The GTX 980 numbers:
GeForce GTX 980 @ 224.320 GB/s
N [GB/s] [perc] [usec] test
1048576 125.25 55.84 33.5 Pass
2097152 145.45 64.84 57.7 Pass
4194304 159.49 71.10 105.2 Pass
8388608 168.04 74.91 199.7 Pass
16777216 172.79 77.03 388.4 Pass
33554432 175.20 78.10 766.1 Pass
67108864 176.43 78.65 1521.5 Pass
134217728 177.06 78.93 3032.1 Pass
Non-base 2 tests!
N [GB/s] [perc] [usec] test
14680102 172.29 76.80 340.8 Pass
14680119 172.36 76.84 340.7 Pass
18875600 171.25 76.34 440.9 Pass
7434886 123.42 55.02 241.0 Pass
13324075 161.86 72.16 329.3 Pass
15764213 166.43 74.19 378.9 Pass
1850154 58.77 26.20 125.9 Pass
4991241 114.61 51.09 174.2 Pass
Press any key to continue . . .
The GTX 780ti has is still the king in GBs, both in nominal terms, and as a percentage of theoretical maximum( it was about 86% of theoretical on the same test, though maybe there are some adjustments needed for Maxwell).
Yeah since they changed the forums around the original file was removed.
Looks like it needs a little tweaking for Maxwell perhaps? :-) Will give it a spin on my GTX980 when I have the time to fiddle with it.

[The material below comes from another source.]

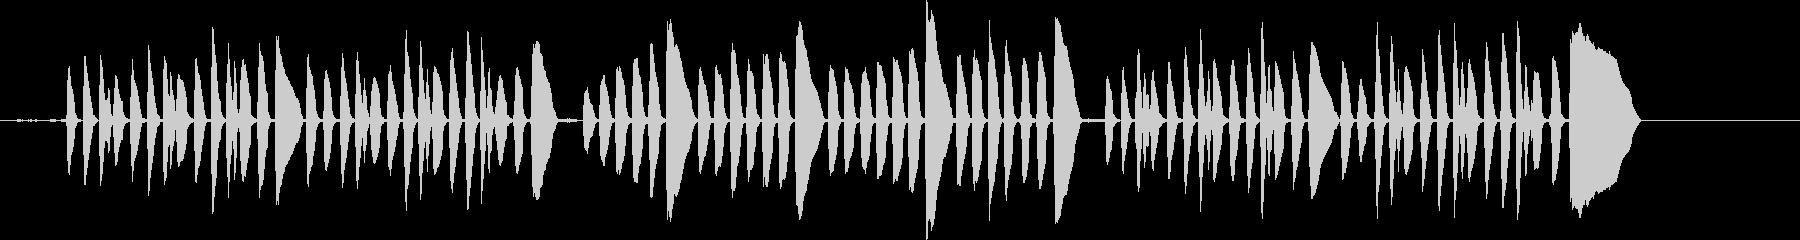 Bugle PlaysΓÇÿrev...の未再生の波形

Thanks CudaaduC for the helpful re-post of the source.
GTX 980m
GeForce GTX 980M @ 160.320 GB/s
N [GB/s] [perc] [usec] test
1048576 96.79 60.37 43.3 Pass
2097152 112.60 70.24 74.5 Pass
4194304 128.75 80.31 130.3 Pass
8388608 136.75 85.30 245.4 Pass
16777216 141.31 88.14 474.9 Pass
33554432 143.84 89.72 933.1 Pass
67108864 144.86 90.36 1853.1
134217728 145.84 90.97 3681.3
Non-base 2 tests!
N [GB/s] [perc] [usec] test
14680102 140.85 87.85 416.9 Pass
14680119 140.79 87.82 417.1 Pass
18875600 140.11 87.39 538.9 Pass
7434886 99.97 62.35 297.5 Pass
13324075 132.60 82.71 401.9 Pass
15764213 136.11 84.90 463.3 Pass
1850154 47.10 29.38 157.1 Pass
4991241 93.11 58.08 214.4 Pass
In terms of percentage of theoretical maximum, much better than the desktop version GTX 980.
In nominal terms not as good obviously, but overall the GTX 980m is very impressive for a laptop.
90.97% :-)
Would be curious to know the difference between the chips. How wide is memory bus?
90.97% :-)
Would be curious to know the difference between the chips. How wide is memory bus?
256 I believe for the 980m
Using the Cuda-Z utility I get 3.4 Teraflops for 32 bit float and 1.035 TeraIops for 32 bit integers (whatever those values are worth in real-life terms).
The specifications for the GTX 980M states 1536 CUDA cores at 1.038 GHz base clock:
[url]http://www.geforce.com/hardware/notebook-gpus/geforce-gtx-980m/specifications[/url]
This would result in 3.19 single-precision TFLOPS, but the GPU may apply clock boost during the benchmark run (are there vendor overclocked GPUs in the mobile field? Don’t know). I am not sure how CUDA-Z measures TeraIops. 32-bit IMAD throughput with each IMAD counting as two operations? 32-bit IADD throughput?